To run our benchmarking scripts you first have to set up a Python environment, then you can run the different python files within the python folder.
- Load modules. Run the following in the root of the project:
module load cuda/12.8 python/3.12.8 gcc/13.2.0 ninja/1.8.2- Setting up virtual Python environment. Run the following in the root of the project to create a Python virtual environment and load all requirements from
requirements.txt:
./setup_env.shThis might take a while. When done you should see a venv directory in the root of the project.
- Activate the created environment. Activate the newly created environment by running:
source venv/bin/activateYou have to be in the root of the project folder to run the python scripts.
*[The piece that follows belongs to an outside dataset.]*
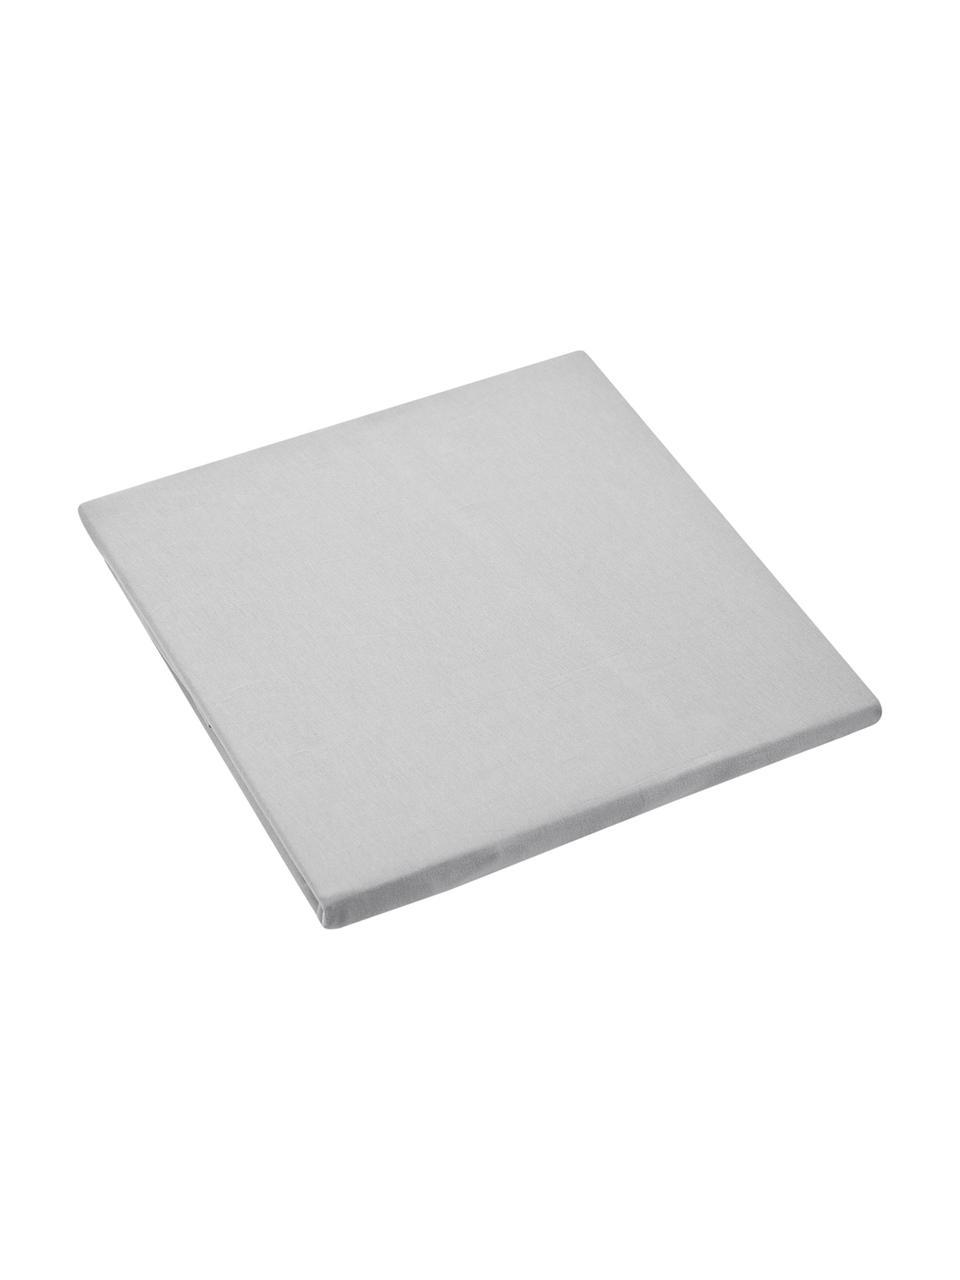 Lenzuolo con angoli in jersey-elastan grigio chiaro Lara, 95% cotone, 5% elastan, Grigio chiaro, Larg. 90-100 x Lung. 200 cm
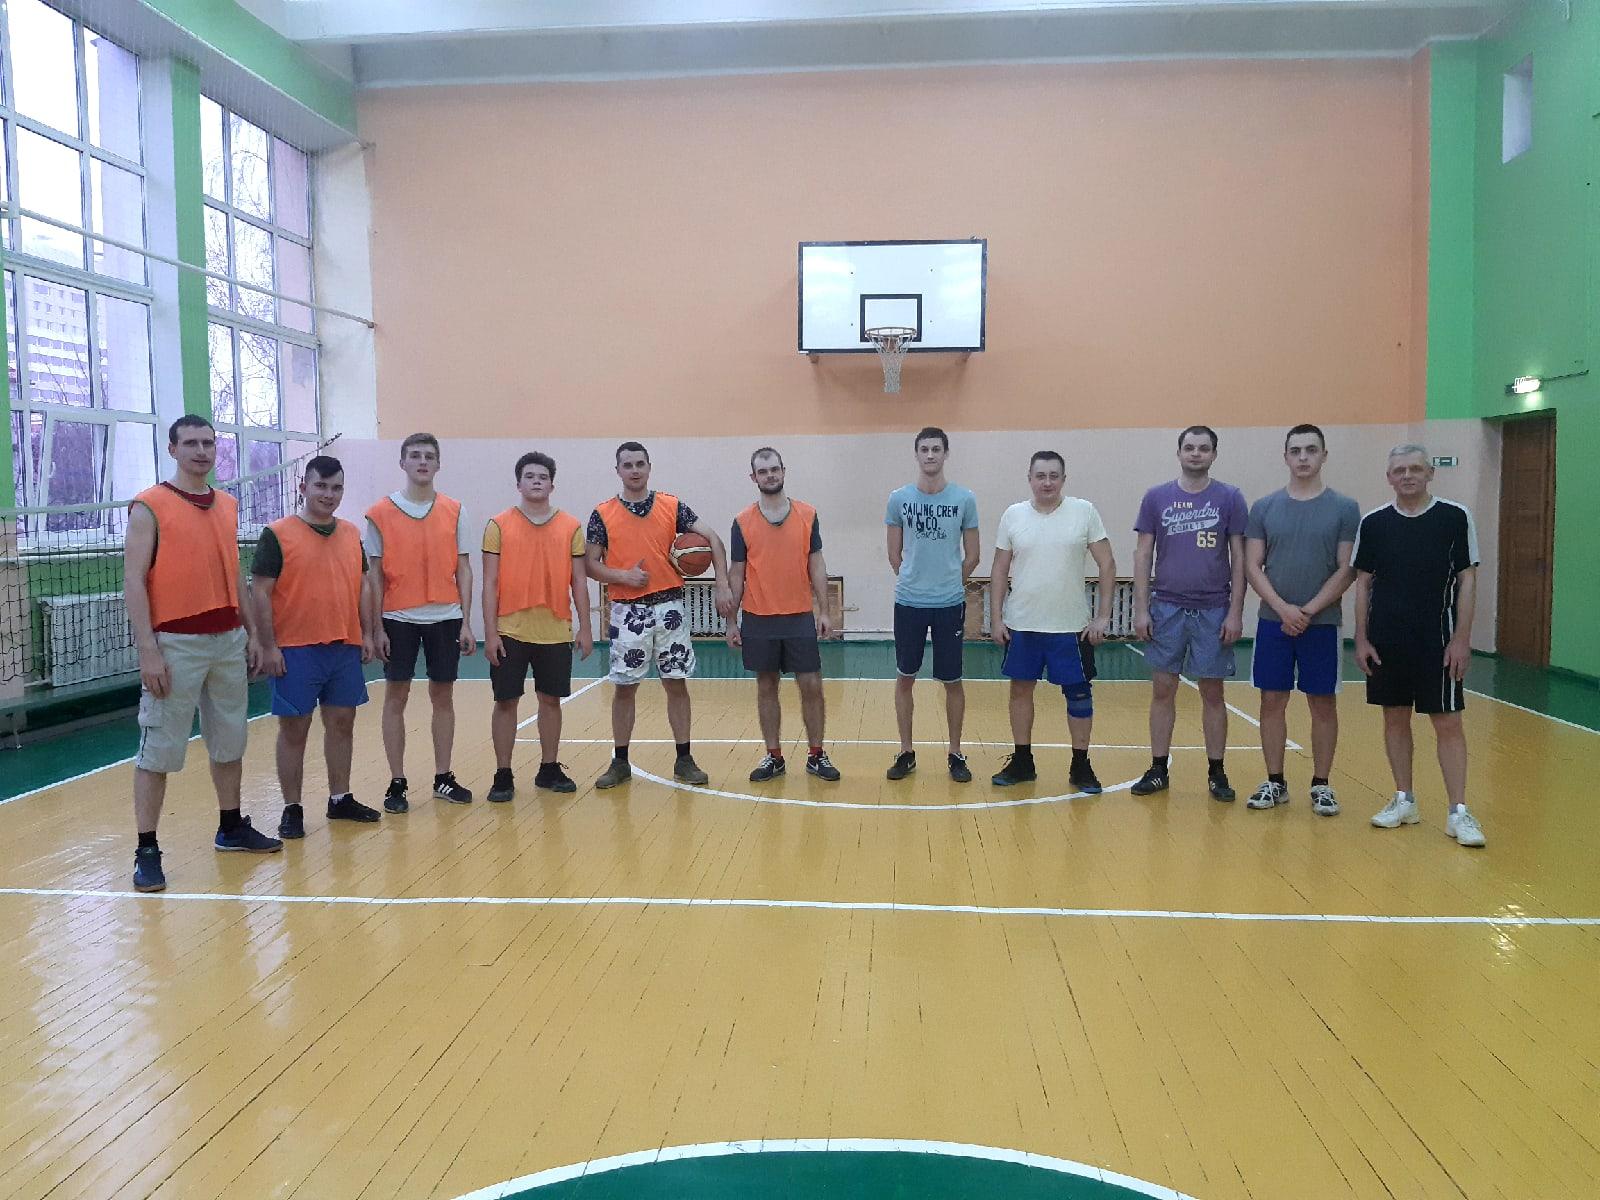 Рождественский товарищеский турнир по баскетболу среди команд преподавателей

Run the following to run a basic benchmark example with verification:
python3 python/run_benchmark.py --verifyor
python3 python/run_benchmark.py --seq_lengths "64,128,256,512,1024,2048,4096,8192,16384,32768,65536,131072,262144,524288,1048576" --head_dim 128 --num_runs 4 --verify --output out_128.pdf --sweepto reproduce the benchmarking results from our report (it takes a while to run).
The following are descriptions of the options you can pass to our Python scripts.
usage: run_benchmark.py [-h] [--seq_lengths SEQ_LENGTHS] [--head_dim HEAD_DIM] [--num_runs NUM_RUNS] [--verify] [--output OUTPUT] [--sweep] [--hyperparam-search]
Benchmark attention implementations
options:
-h, --help show this help message and exit
--seq_lengths SEQ_LENGTHS Comma-separated list of sequence lengths (default: 1024)
--head_dim HEAD_DIM Head dimension (default: 64)
--num_runs NUM_RUNS Number of benchmark runs (default: 10)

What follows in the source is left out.